Redis Caching Patterns That Actually Work
When your API starts getting thousands of requests per second, you quickly realize that hitting your database for every request isn't sustainable. That's where Redis comes in.
Why Caching Matters
Every database query has overhead - connection pooling, query parsing, disk I/O, network latency. For frequently accessed data that doesn't change often, this overhead is wasteful.
Redis sits in memory, responds in microseconds, and can handle millions of operations per second. But using it effectively requires understanding the right patterns.
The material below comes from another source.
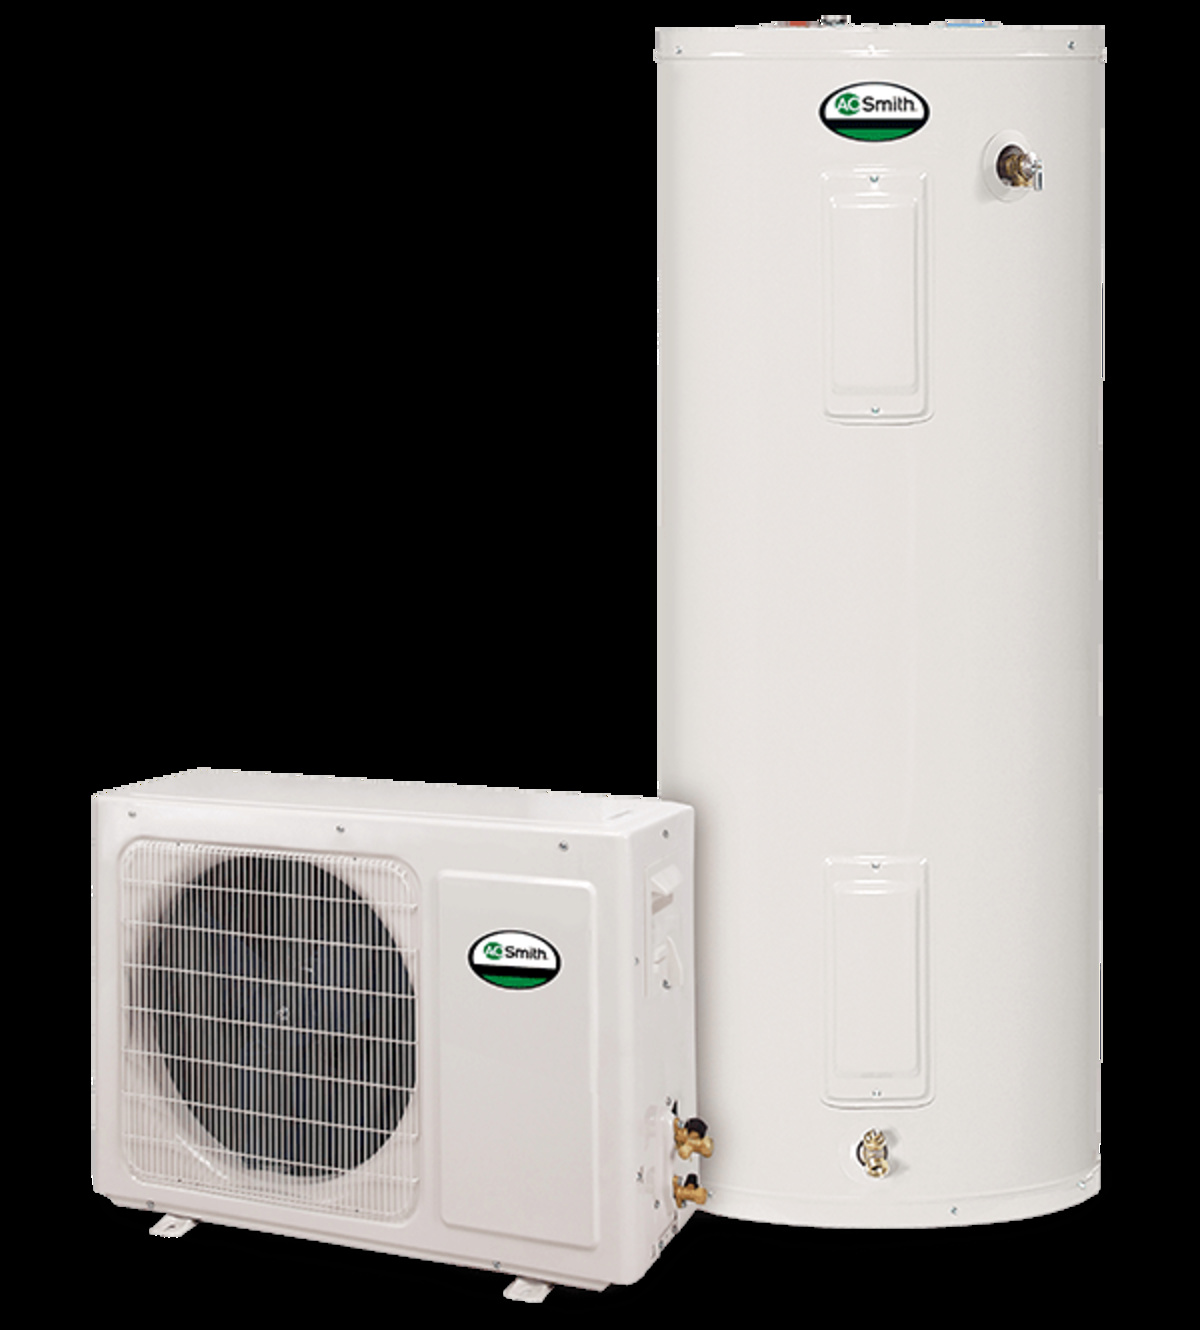 A.O. Smith air-to-air heat pump

Pattern 1: Cache-Aside (Lazy Loading)
This is the most common pattern. Your application checks the cache first. If it's a miss, it fetches from the database and populates the cache.
**Pros:** Only caches data that's actually requested. Simple to implement.
**Cons:** First request is always slow. Potential for stale data.
Pattern 2: Write-Through
Update the cache whenever you update the database. This ensures cache consistency but adds latency to writes.
Pattern 3: Write-Behind (Write-Back)
Write to cache immediately, then asynchronously update the database. Great for high-write scenarios.
**Warning:** This risks data loss if Redis crashes before the database is updated. Use with caution.
Cache Invalidation Strategies
The hardest problem in computer science (after naming things). Here's what works:
- **TTL-Based Expiration** - Set reasonable expiration times based on how often data changes.
- **Event-Driven Invalidation** - Invalidate cache entries when the underlying data changes.
- **Version Keys** - Include a version number in your cache keys. Increment it when data changes.
Key Takeaways
- Start simple with cache-aside pattern
- Set appropriate TTLs - don't cache forever
- Monitor hit rates - aim for 90%+
- Have a fallback - gracefully handle Redis downtime
Caching is powerful, but remember: premature optimization is the root of all evil. Profile first, then cache what matters.